This technique is based on a physical law: all materials are emitting an energy radiation in function of their temperature. They emit infrared waves measured by cameras equipped with sensors. Thanks to a digital model, the cameras generate images where each color corresponds to a given temperature. Widely used to reveal heat loss in poorly insulated homes, it allows locating the presence of defects in buildings. Thus, a cold air current will be represented in blue, whereas a heat source in red. These specialized cameras are also capable of quantifying the emissivity of materials. No materials absorb, transmit, nor reflect radiation in the same manner...


Modulated Thermography
Infrared thermography is commonly used in the aerospace industry for the nondestructive testing of materials.
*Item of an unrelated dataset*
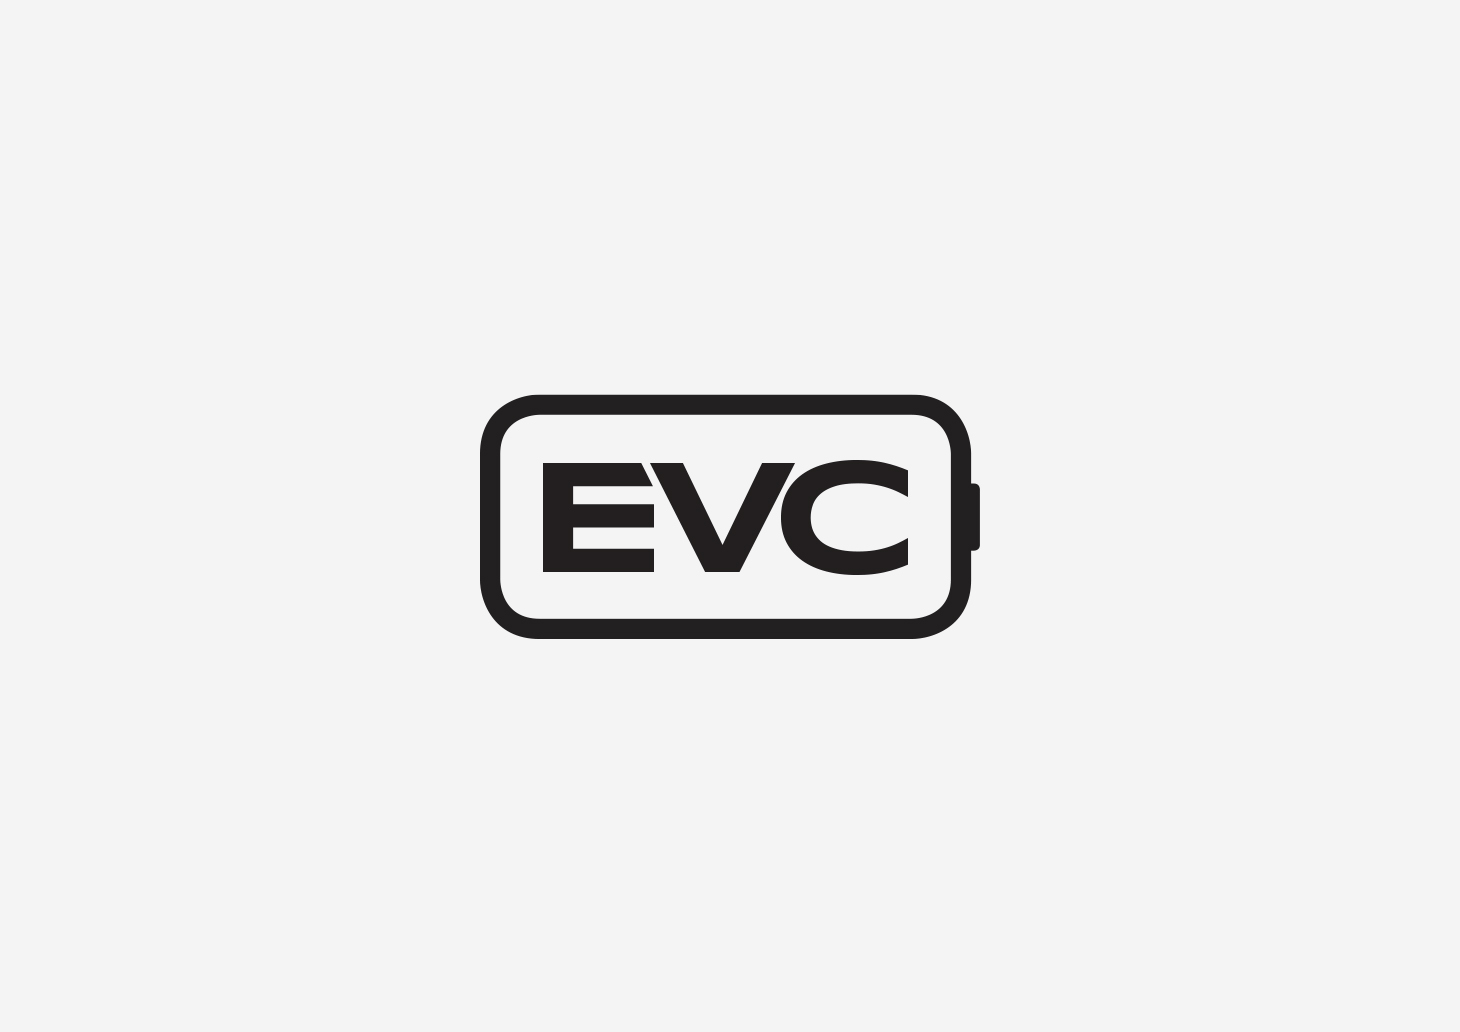 brand-identity-evc-example-1

The measurement principle is as follows: the material, the object or the test structure is heated slightly at first. If an internal, therefore non-visible, anomaly is present, the corresponding thermal signature reveals its presence by slight surface temperature differences. This signature is not instantly measurable, but appears after a given time in function of the depth of the anomaly and its own characteristics. Thermal measurements are performed by an infrared camera which records the changes of the surface temperature in the form of thermal images versus time. A number of techniques are available to then improve the thermal images obtained, detecting and characterizing defects. Similarly, various heating techniques also exist to stimulate the object or the test structure.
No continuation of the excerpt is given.